Steppenwolf (orig. German Der Steppenwolf) was his tenth novel. Originally published in Germany in 1927, it was first translated into English in 1929. Combining autobiographical and psychoanalytic elements, the novel was named after the lonesome wolf of the steppes. The story in large part reflects a profound crisis in Hesse's spiritual world during the 1920s while memorably portraying the protagonist's split between his humanity and his wolf-like aggression and homelessness.
Narcissus and Goldmund (also published as Death and the Lover), 1930, is the story of a young man, Goldmund, who wanders around aimlessly throughout Medieval Germany after leaving a Catholic monastery school in search of what could be described as "the meaning of life", or rather, meaning for his life.
Journey to the East is a short first published in German in 1932 as "Die Morgenlandfahrt". Journey to the East is written from the point of view of a man (in the book called "H. H.") who becomes a member of "The League", a timeless religious sect whose members include famous fictional and real characters, such as Plato, Mozart, Pythagoras, Paul Klee, Don Quixote, Puss in Boots, Tristram Shandy, Baudelaire, Goldmund, a character from Hesse's Narcissus and Goldmund, and the ferryman Vasudeva, a character from Hesse's, Siddhartha. A branch of the group goes on a pilgrimage to "the East" in search of the "ultimate Truth". The narrator speaks of traveling through both time and space, across geography imaginary and real.

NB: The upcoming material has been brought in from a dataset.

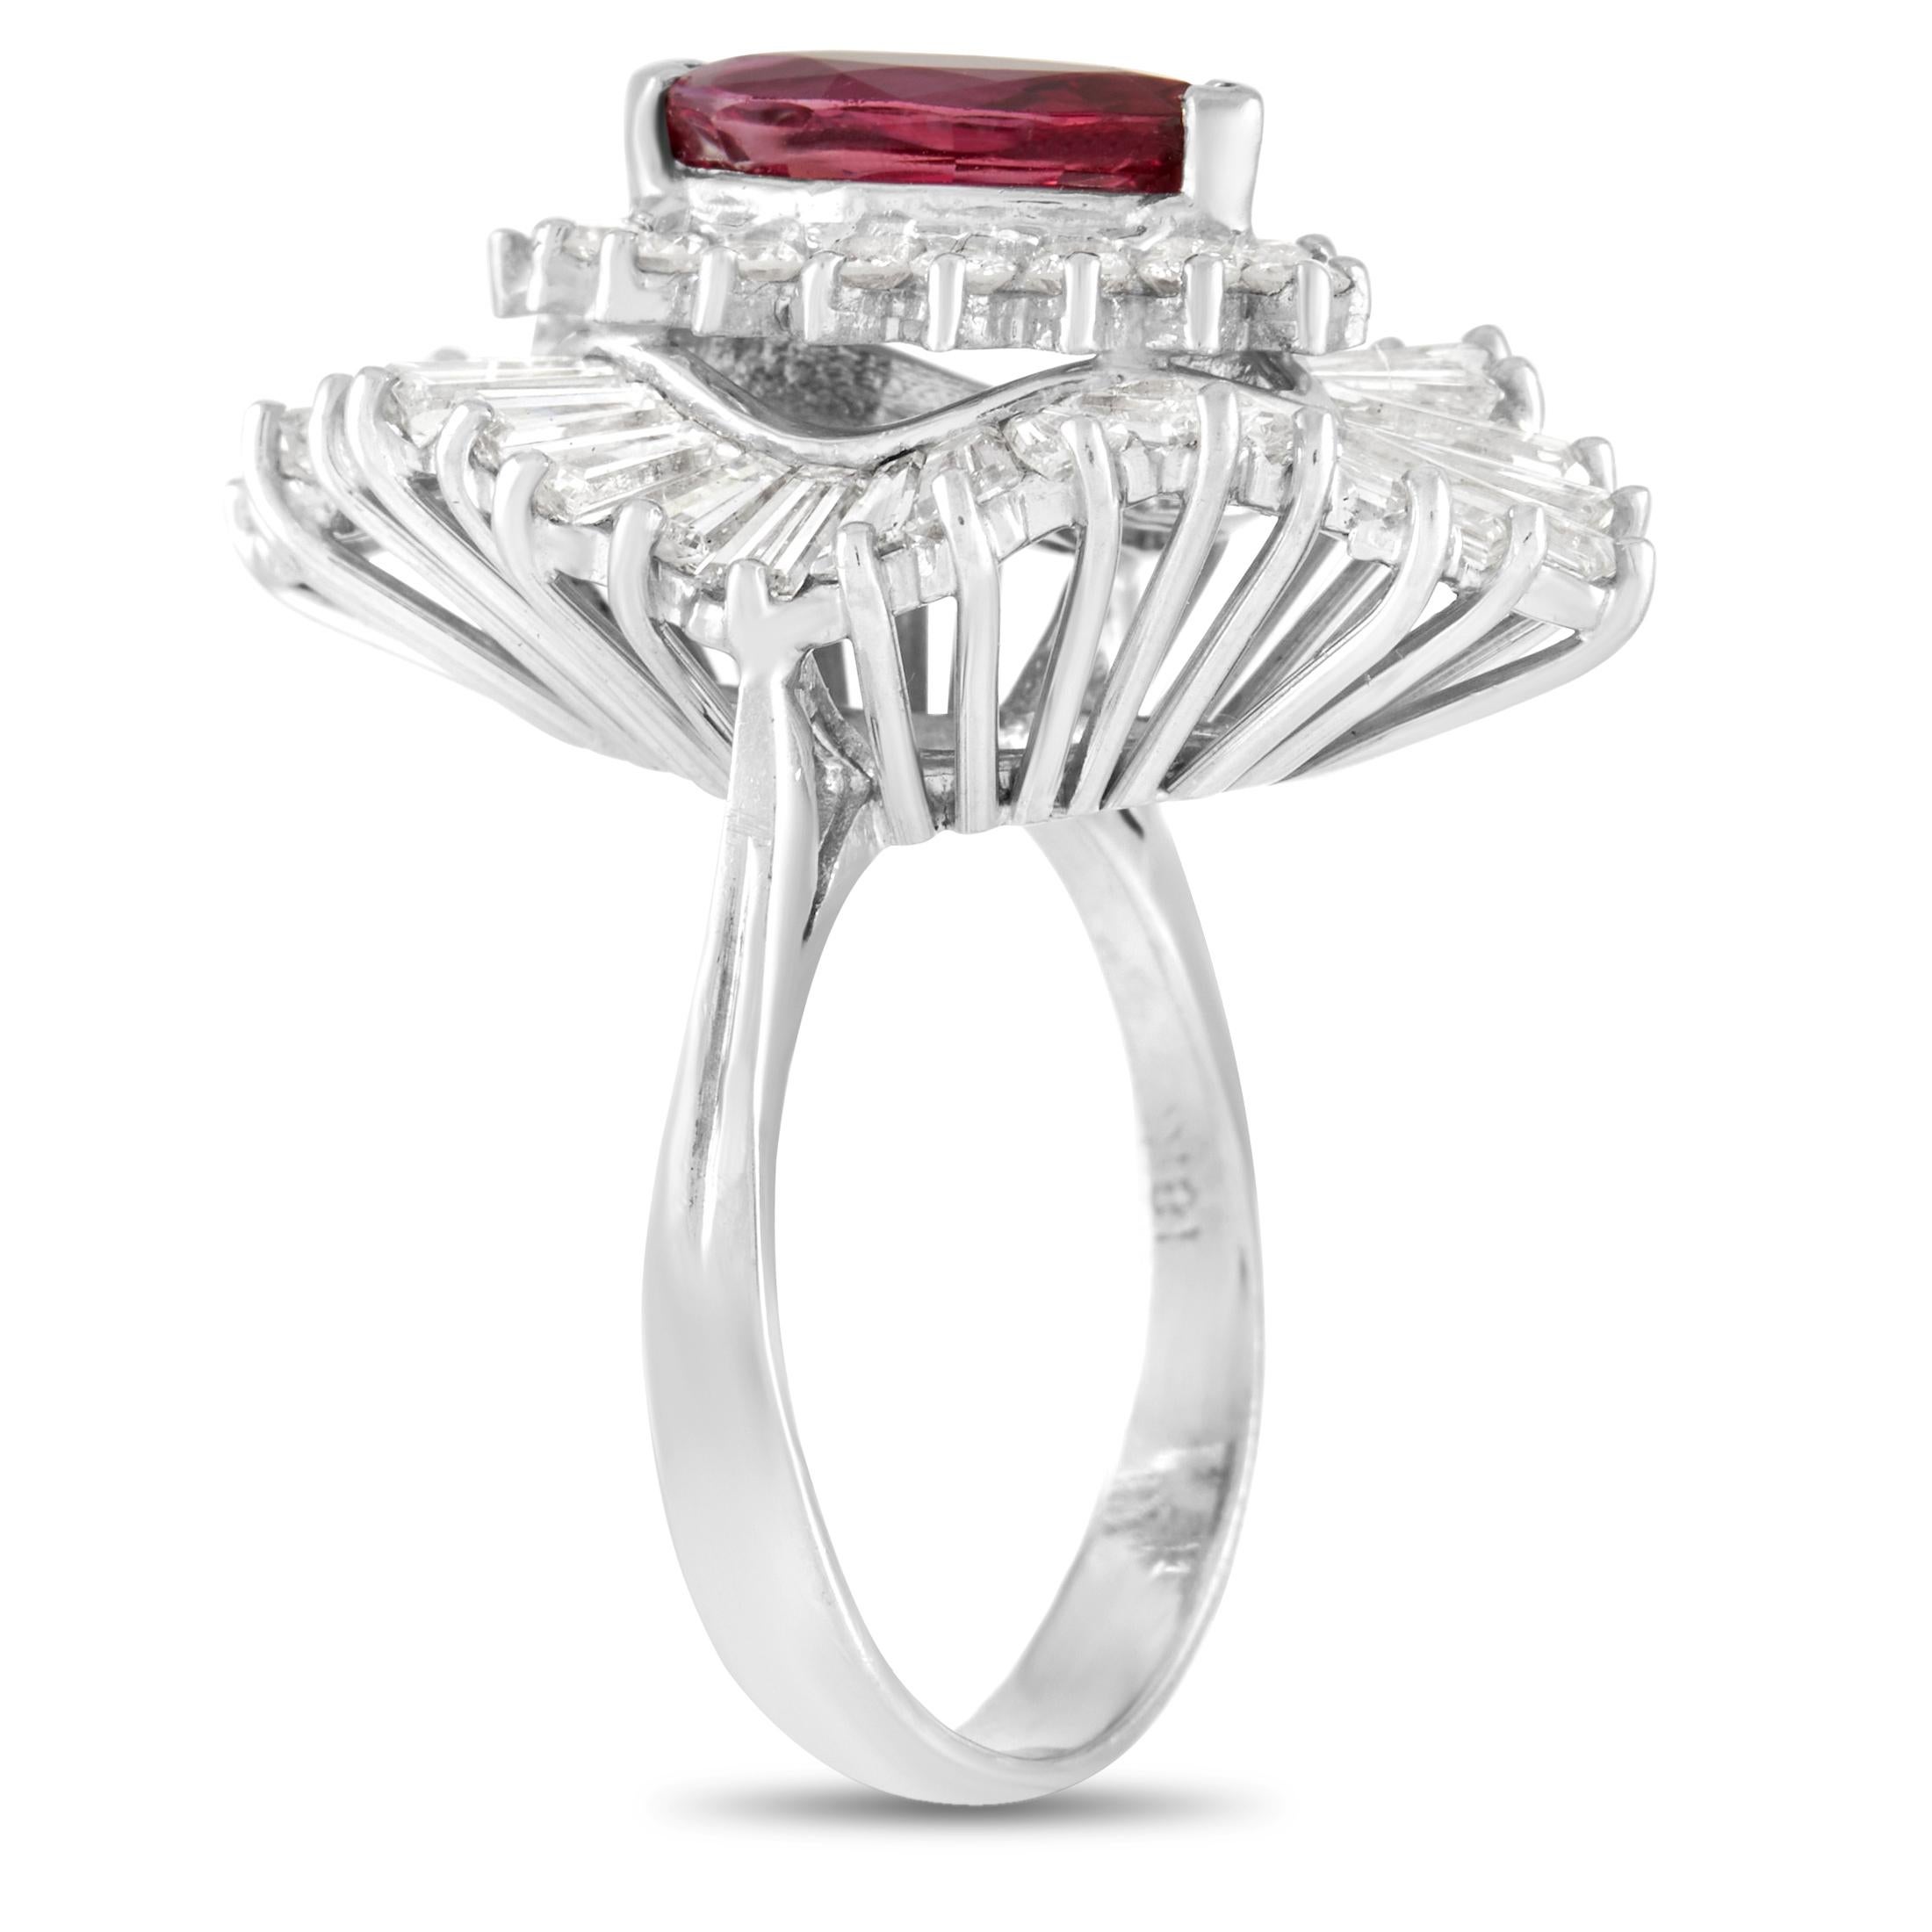 This gorgeous LB Exclusive 18K White Gold 5.50 ct Diamond 1.70 ct Ruby Ring was made with 18K white gold and set with a total of 5.50 carats of baguette cut and round cut diamonds forming a halo around the 1.70 carat oval cut ruby center stone. The

The Glass Bead Game, 1943, The Glass Bead Game takes place at an unspecified date centuries into the future. Hesse suggested that he imagined the book's narrator writing around the start of the 25th century. The setting is a fictional province of central Europe called Castalia, which was reserved by political decision for the life of the mind; technology and economic life are kept to a strict minimum. Castalia is home to an austere order of intellectuals with a twofold mission: to run boarding schools for boys, and to nurture and play the Glass Bead Game, whose exact nature remains elusive and whose devotees occupy a special school within Castalia known as Waldzell. The rules of the game are only alluded to—they are so sophisticated that they are not easy to imagine. Playing the game well requires years of hard study of music, mathematics, and cultural history. The game is essentially an abstract synthesis of all arts and sciences. It proceeds by players making deep connections between seemingly unrelated topics. The novel is an example of a bildungsroman ("novel of formation/education/culture"), novel of formation, novel of education, or coming-of-age story)
*also published as Magister Ludi, Latin for "Master of the Game", which is an honorific title awarded to the book's central character. "Magister Ludi" can also be seen as a pun: lud- is a Latin stem meaning both "game" and "school".